**Exercise instructions**
Where a picture occurs in the data, omit it, and copy all remaining data exactly.

===== Records for this task

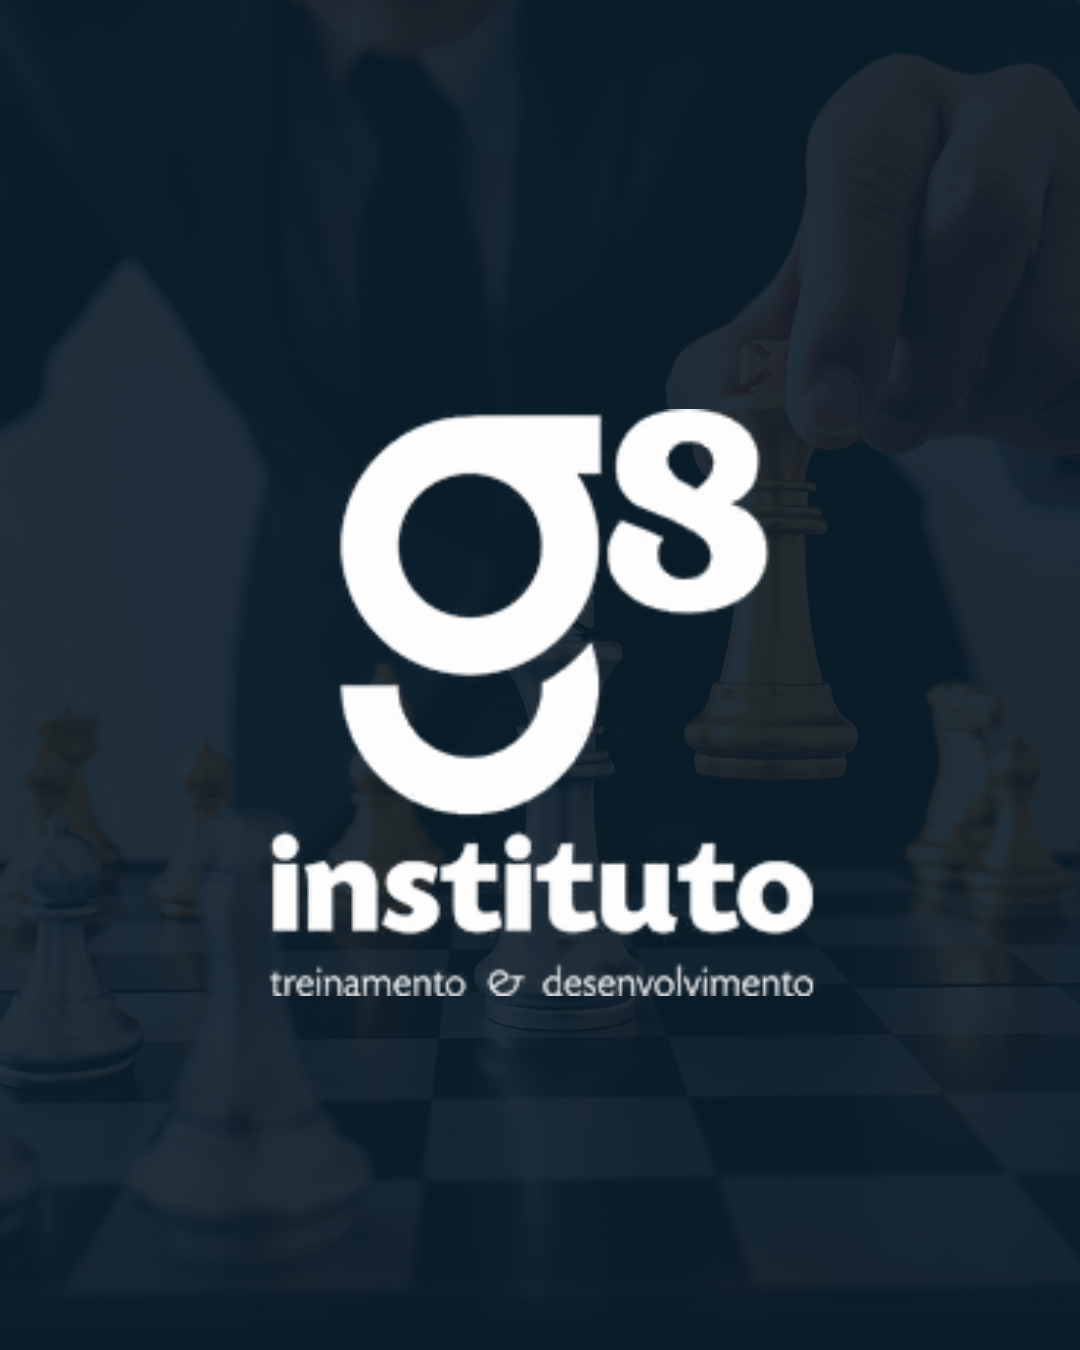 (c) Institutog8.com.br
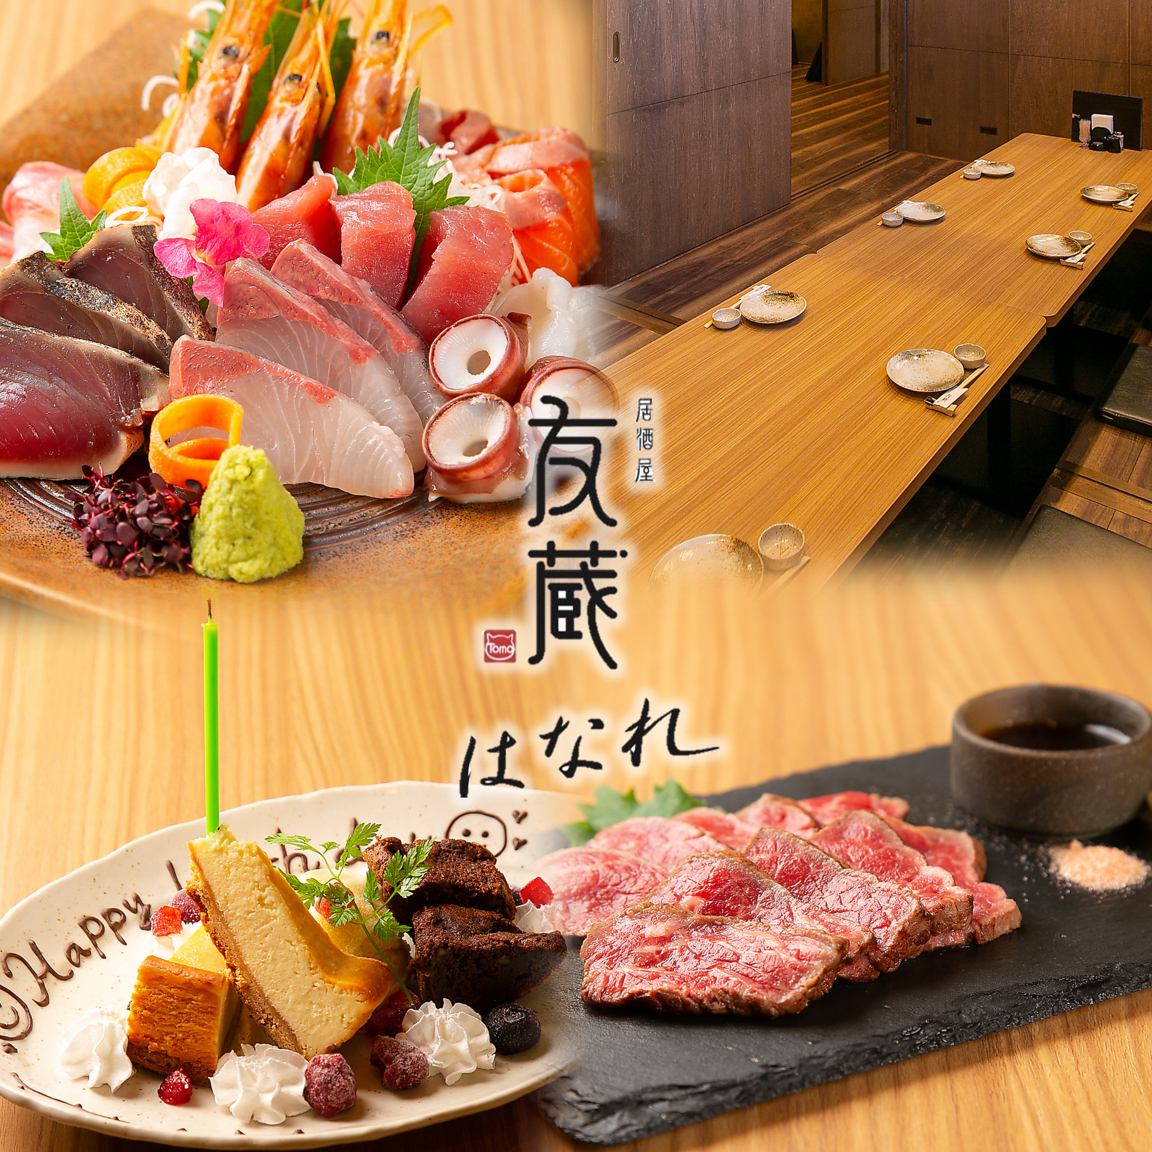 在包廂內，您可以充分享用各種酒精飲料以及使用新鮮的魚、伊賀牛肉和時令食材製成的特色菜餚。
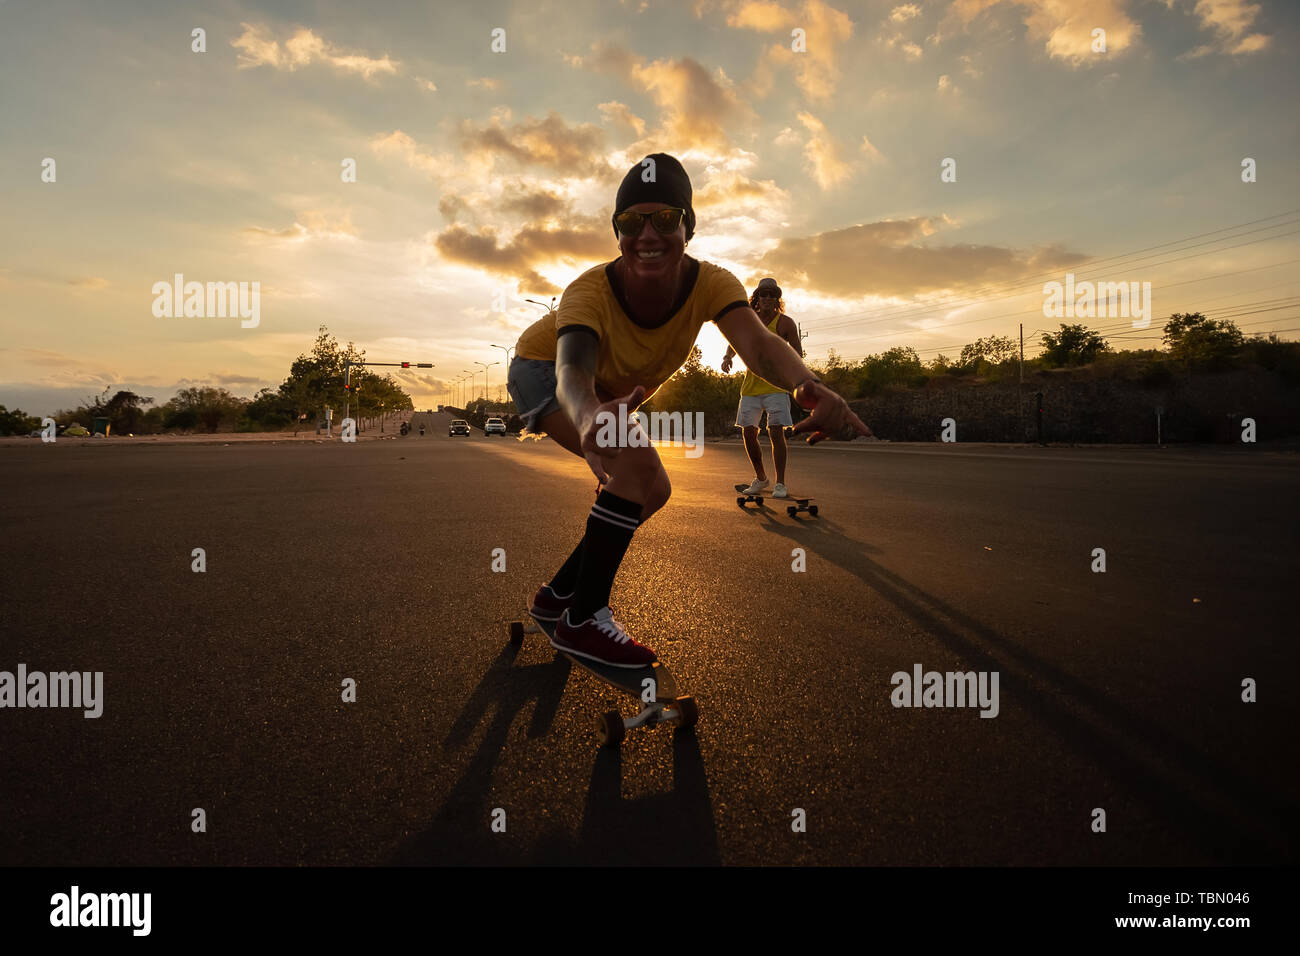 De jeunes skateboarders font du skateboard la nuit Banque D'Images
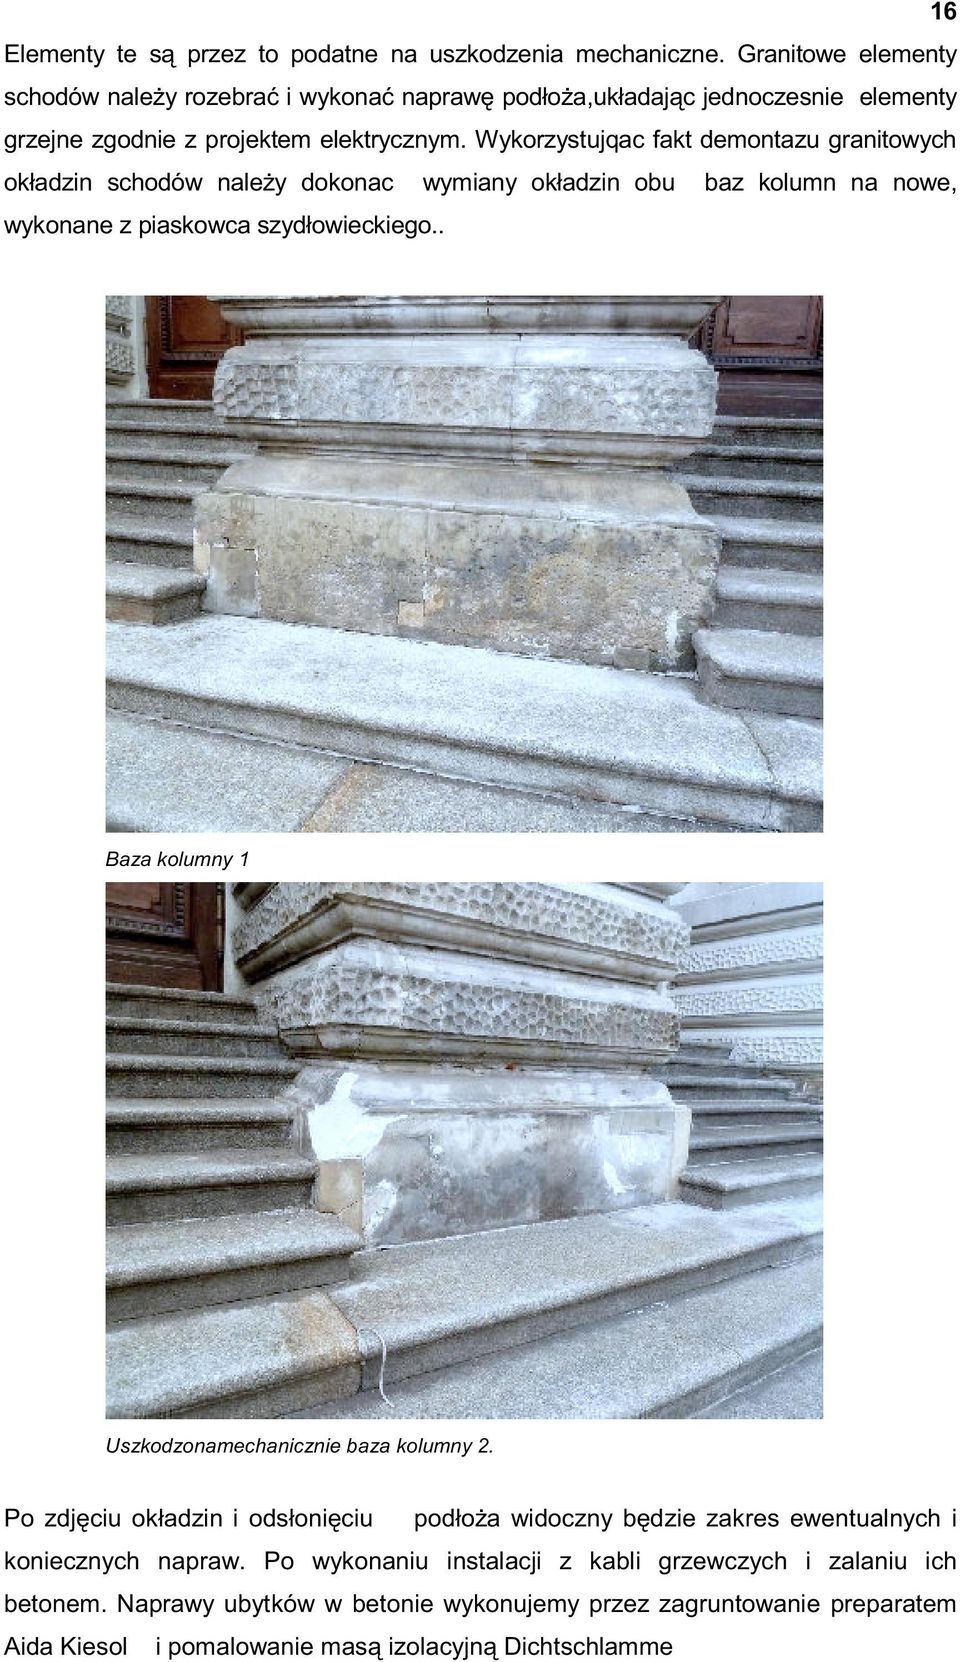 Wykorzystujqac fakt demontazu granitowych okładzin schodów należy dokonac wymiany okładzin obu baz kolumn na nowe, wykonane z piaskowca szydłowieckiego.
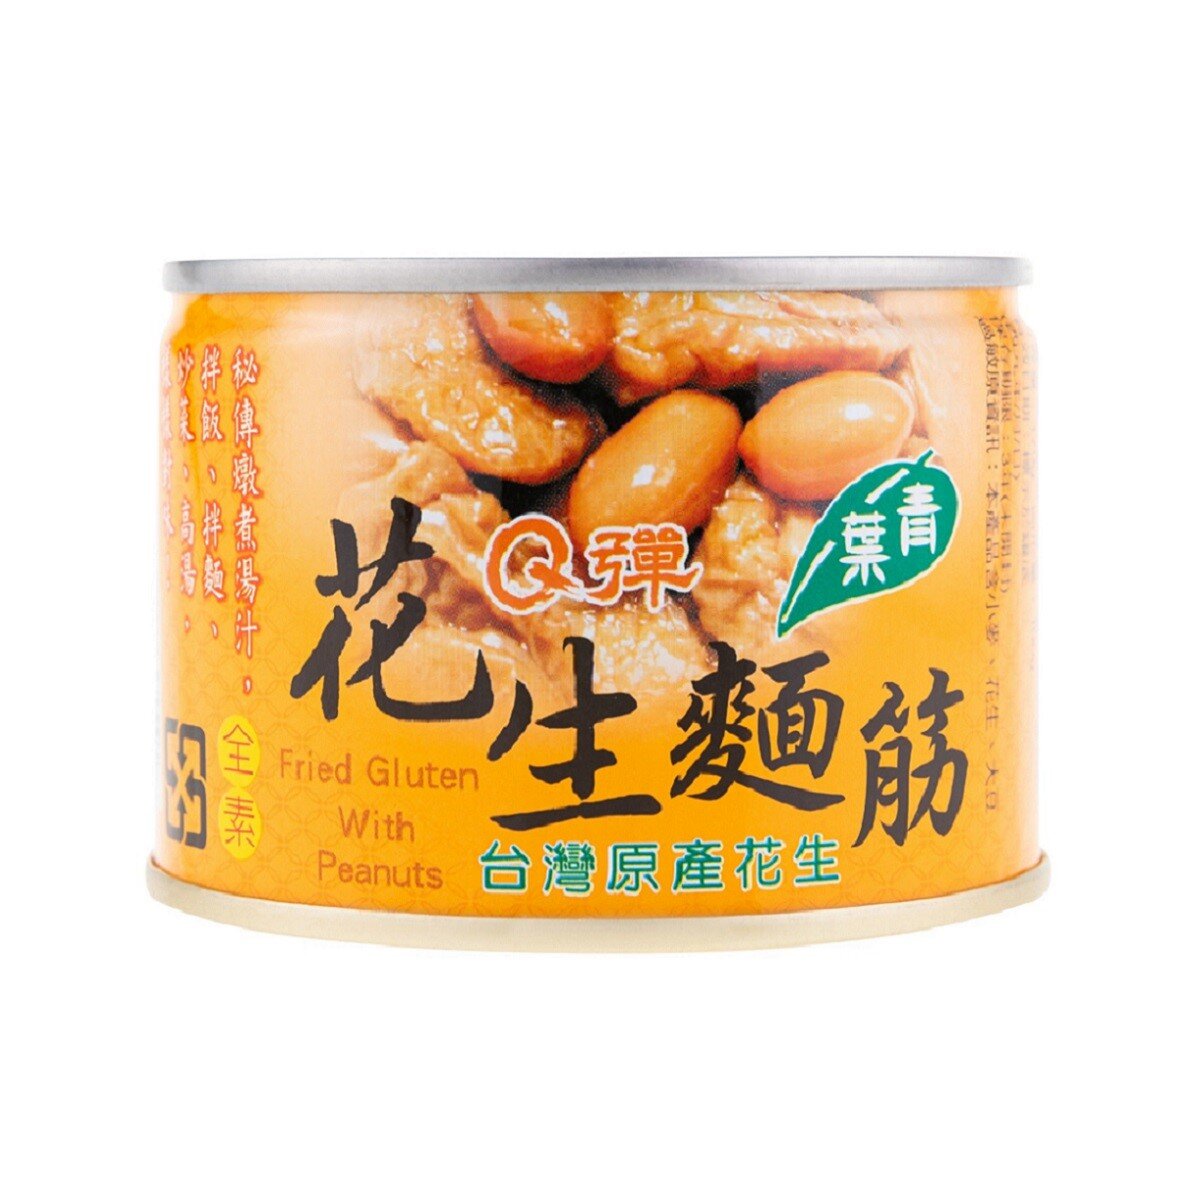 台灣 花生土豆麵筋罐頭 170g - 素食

==========

**Finished exercise**
 (c) Institutog8.com.br
 在包廂內，您可以充分享用各種酒精飲料以及使用新鮮的魚、伊賀牛肉和時令食材製成的特色菜餚。
 De jeunes skateboarders font du skateboard la nuit Banque D'Images
 Wykorzystujqac fakt demontazu granitowych okładzin schodów należy dokonac wymiany okładzin obu baz kolumn na nowe, wykonane z piaskowca szydłowieckiego.
 台灣 花生土豆麵筋罐頭 170g - 素食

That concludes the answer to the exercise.